The Oregon Beach Act has played a significant role in protecting Oregon’s shore by identifying this habitat as continuous state property to be managed in the public trust and allowing access. All land within sixteen vertical feet of the average low tide mark belongs to the public. There is also a perpetual easement to use the dry sand beach up to the statutory vegetation line or established vegetation whichever is more inland. Oregon Parks and Recreation Department (OPRD) manages the public rights.

Significant development has occurred beyond the reserved areas; in many cases, these developments are subject to hazards from erosion. Prior to 2004, development decisions may have been made without accurate geological data, resulting in structures sited in hazardous areas. In 2004,

the Oregon Department of Geology and Mineral Industries began measuring the response of beaches and bluffs to storm waves … in order to provide up-to-date scientific information on the changes (erosion and accretion patterns) taking place on the Oregon coast. These data are now being used … to assist with the design and placement of new property along the coast, as well as (by) Oregon Parks and Recreation Department as part of their effort to better manage the beach.53

With increased understanding of the ocean and the behavior of currents and storm surges, as well as better knowledge of the geology of the shore and new mapping, future development decisions can reduce hazards to property. Hard decisions are being made to balance safety, natural environment, aesthetics and economic needs, including addressing actions taken prior to the current regulatory environment.
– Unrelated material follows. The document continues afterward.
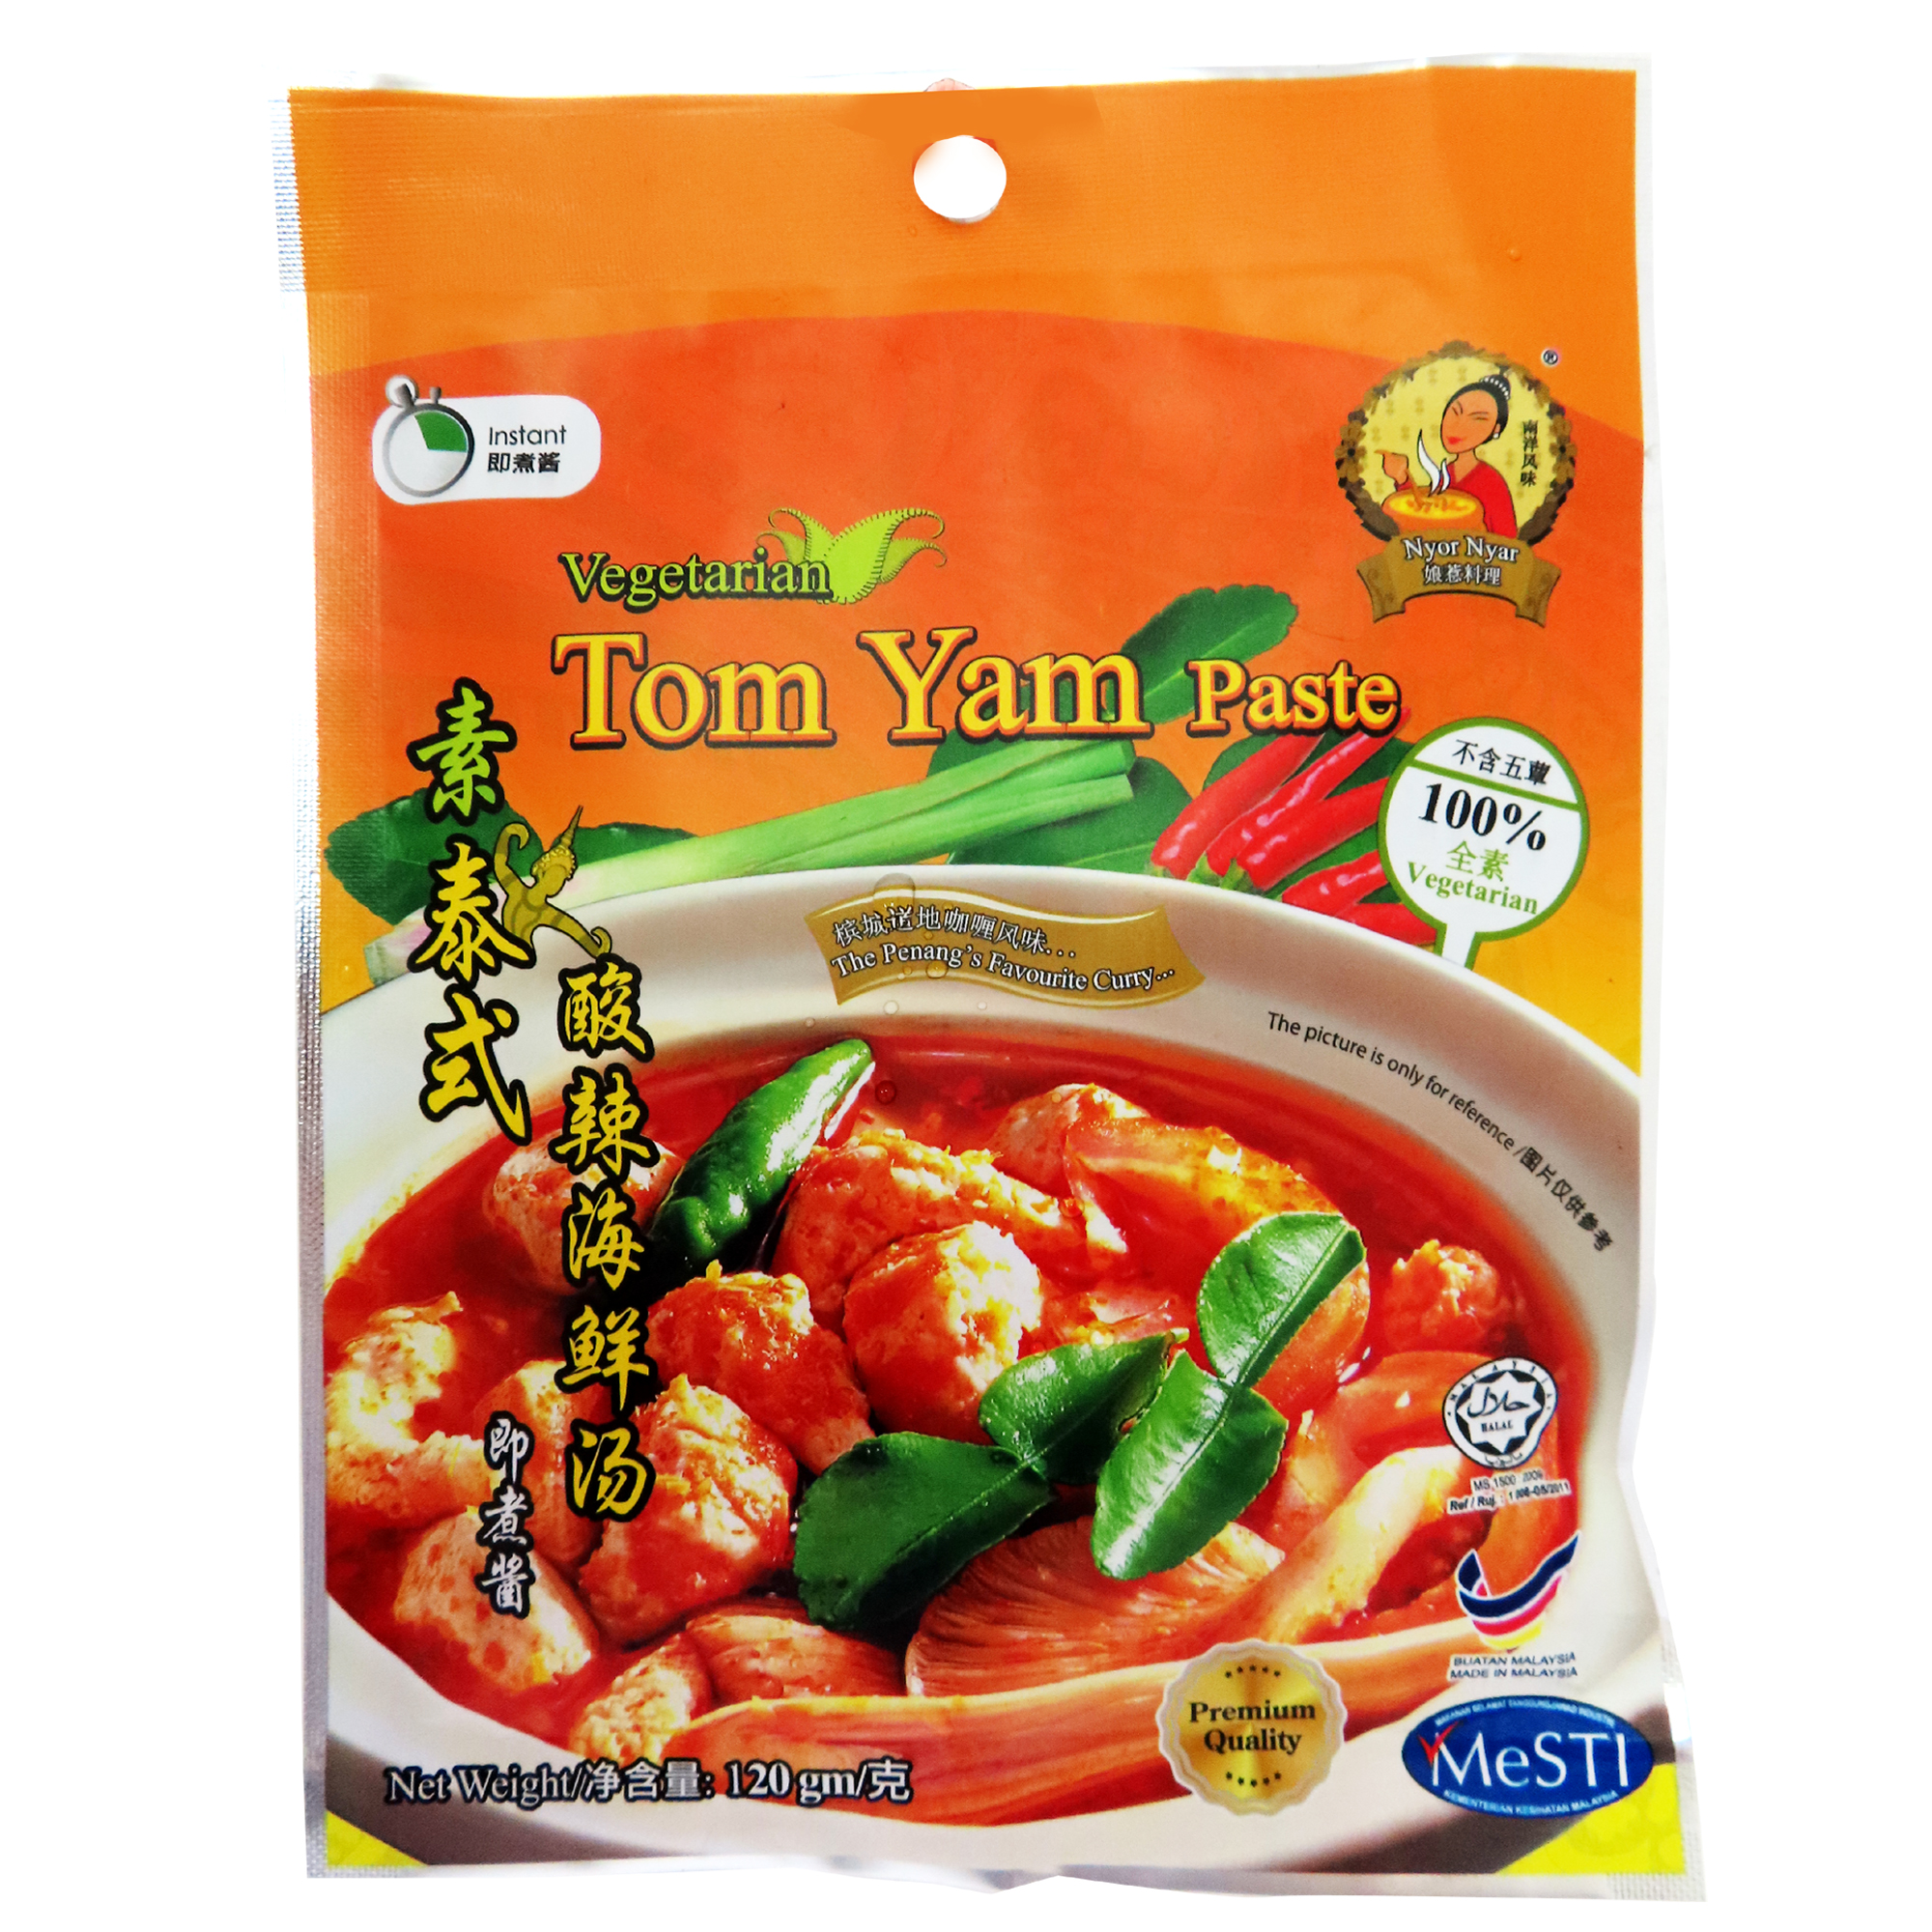 Image TomYam Paste 娘惹 - 泰式酸辣海鲜汤即煮酱 120grams

For example, on the north coast, Tillamook County has experienced flooding almost every winter, culminating in the great flood of 1996. The county experienced over $60 million in flood loss from 1996 to 2000.54 Tillamook, the “land of many waters,” has embarked on a long term effort to move structures out of its floodplain that forms where five rivers flow to the bay. It has initiated a program to address flooding by restoring some of the floodplain’s historic ability to absorb excess water. Buildings have been elevated or removed from the plain. “Restoring the natural functions of the Tillamook floodplain not only helps alleviate the worst impacts of current flooding, but will also mitigate the impacts of climate change.”55

Using modeling by Oregon State University, Cannon Beach is designing a new City Hall that is more earthquake- and tsunami-resistant. The design includes a top platform described as “over 30 feet high with space for over 1,000 people, most of the population.”56 “With steel cables and reinforced concrete pillars standing at least 15 feet high, the evacuation building can ‘take very large forces, not just water with sand, but also parts of buildings and cars coming and slamming into the building,’” according to Yumei Wang, an engineer with the Oregon Department of Geology and Mineral Industries. The design team hopes these types of structures placed in low lying coastal communities will reduce risk to residents and tourists alike.57 The emergency structures are expensive, and the cost can be an issue when experts are unable to definitely predict the size, timing and nature of future earthquake and tsunami events.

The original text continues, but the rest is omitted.